Exercise data:
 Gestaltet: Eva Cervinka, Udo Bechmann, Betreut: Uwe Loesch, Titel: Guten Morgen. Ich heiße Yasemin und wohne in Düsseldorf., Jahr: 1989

--

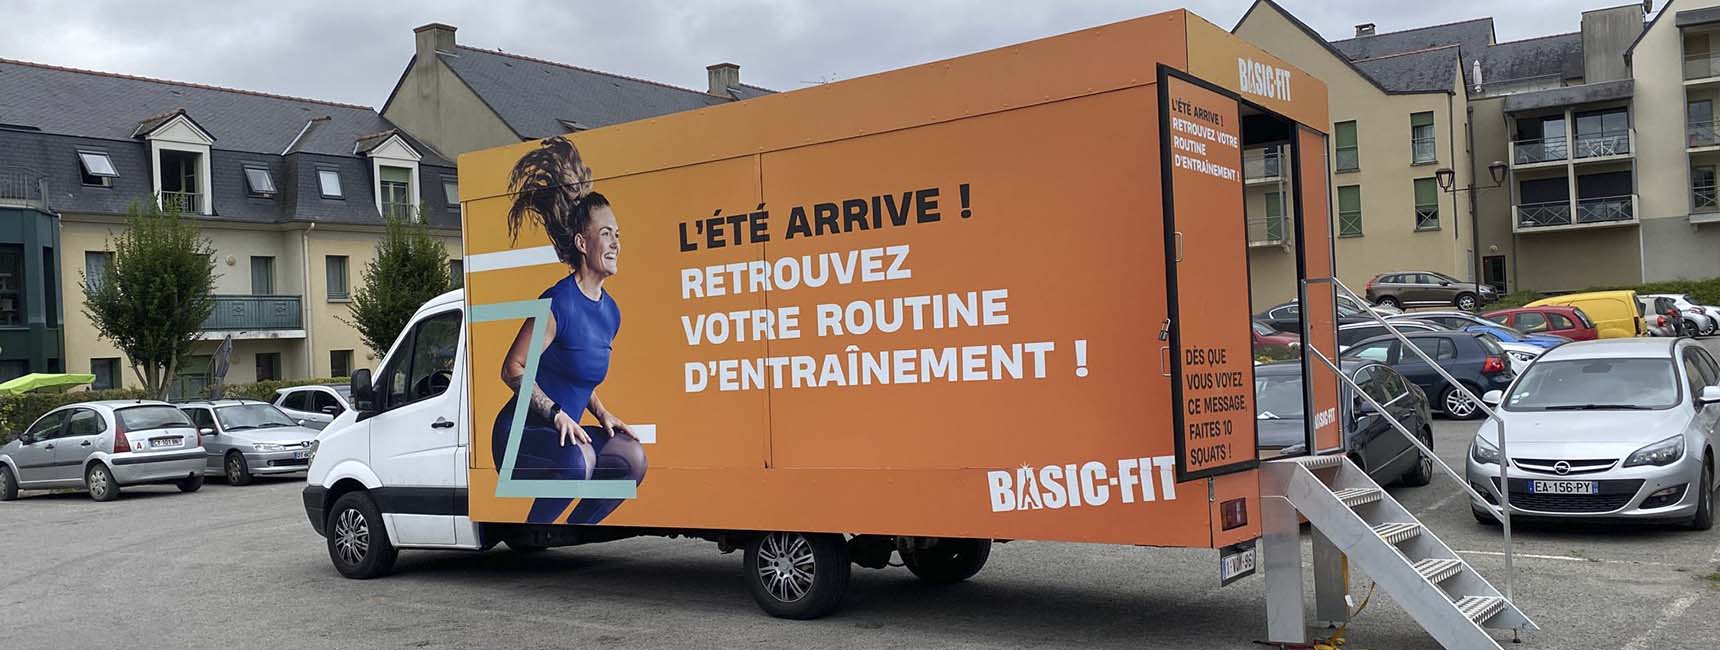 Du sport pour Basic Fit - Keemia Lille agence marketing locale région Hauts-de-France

==

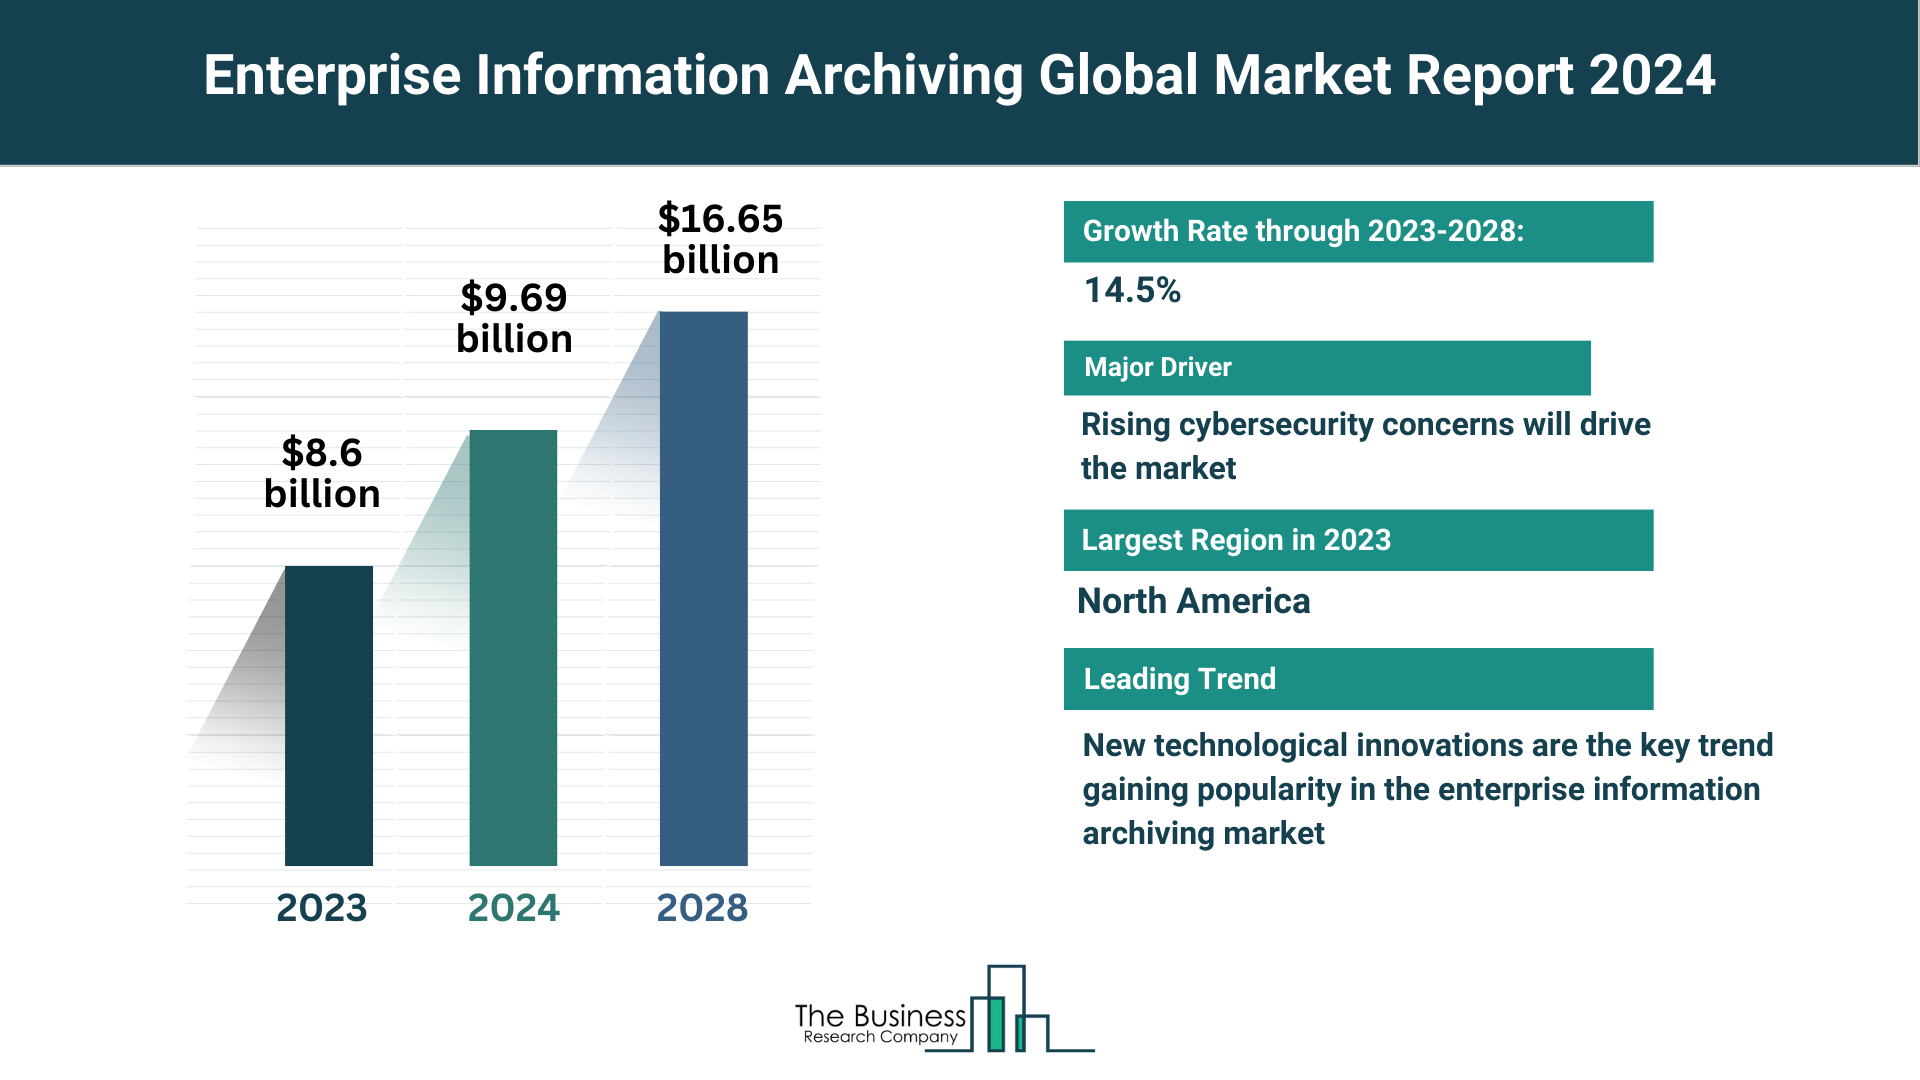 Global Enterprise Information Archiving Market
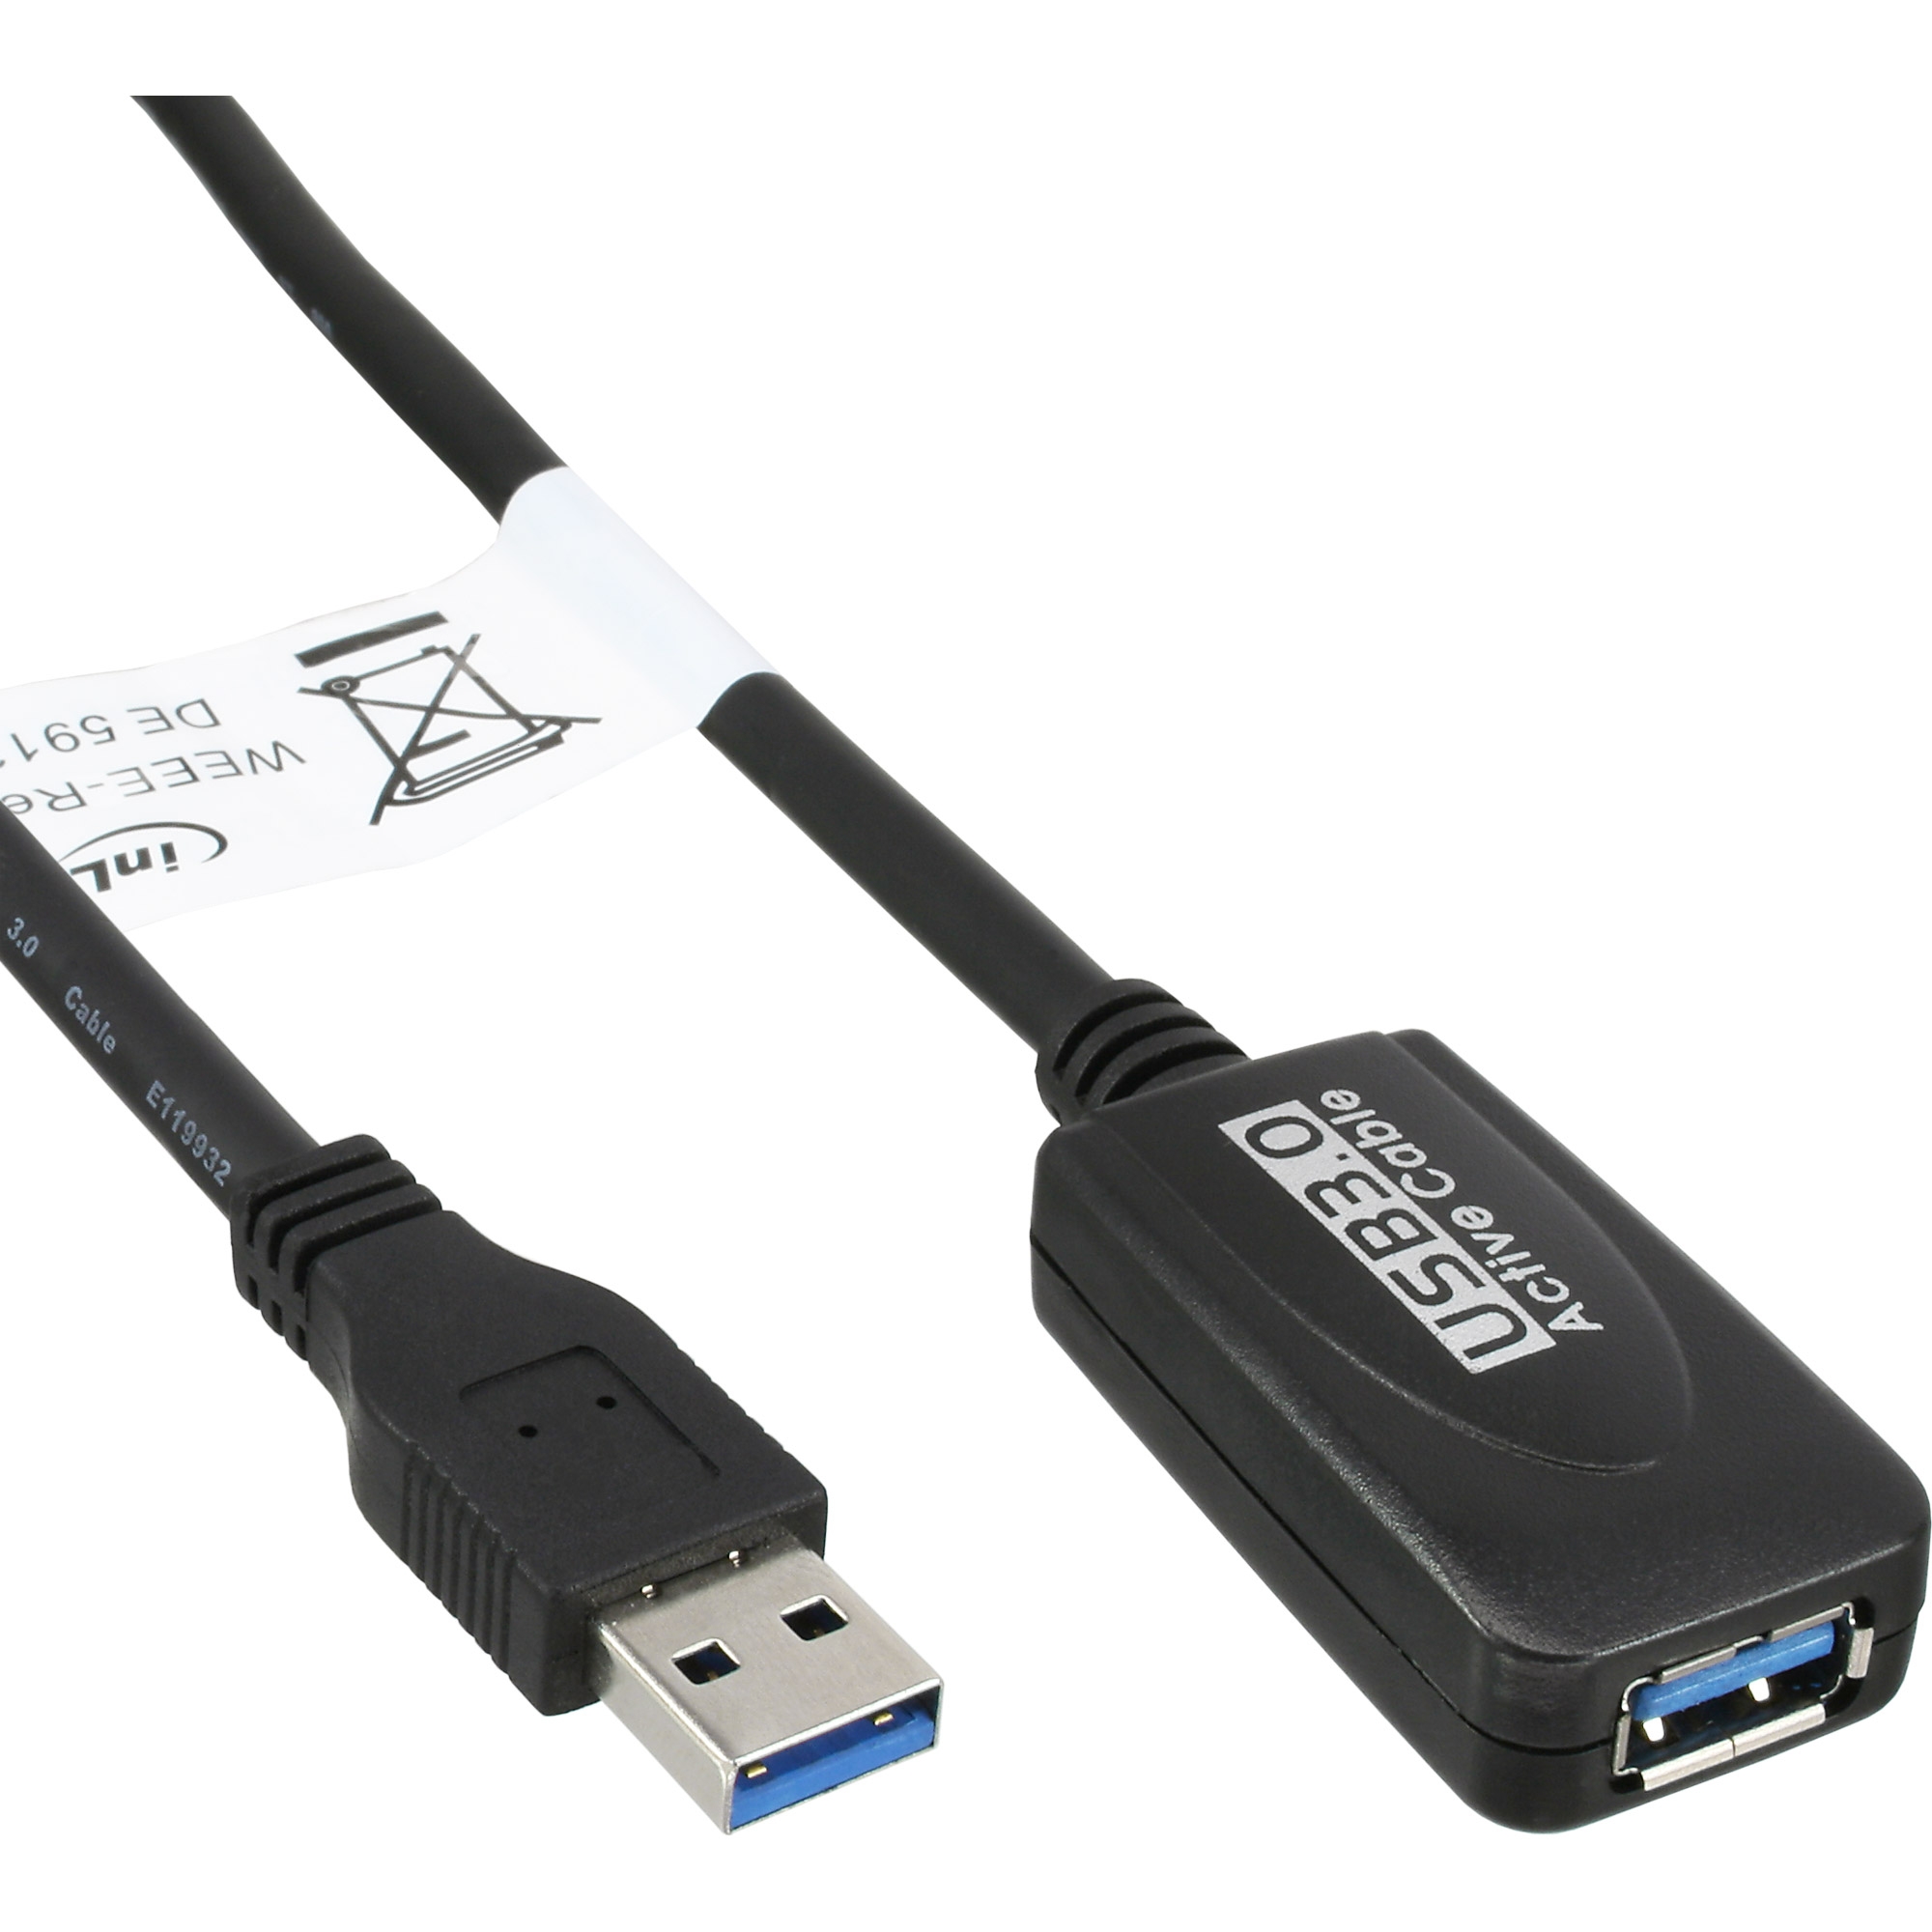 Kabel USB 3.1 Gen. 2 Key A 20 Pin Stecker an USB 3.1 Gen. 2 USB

Problem to solve: Repeat exactly the stretch of the listing above that starts with the line holding "Global Enterprise Information" and finishes with the line holding "Kabel USB 3.1", both included. Skip every picture.

Completed exercise:
 Global Enterprise Information Archiving Market
 Kabel USB 3.1 Gen. 2 Key A 20 Pin Stecker an USB 3.1 Gen. 2 USB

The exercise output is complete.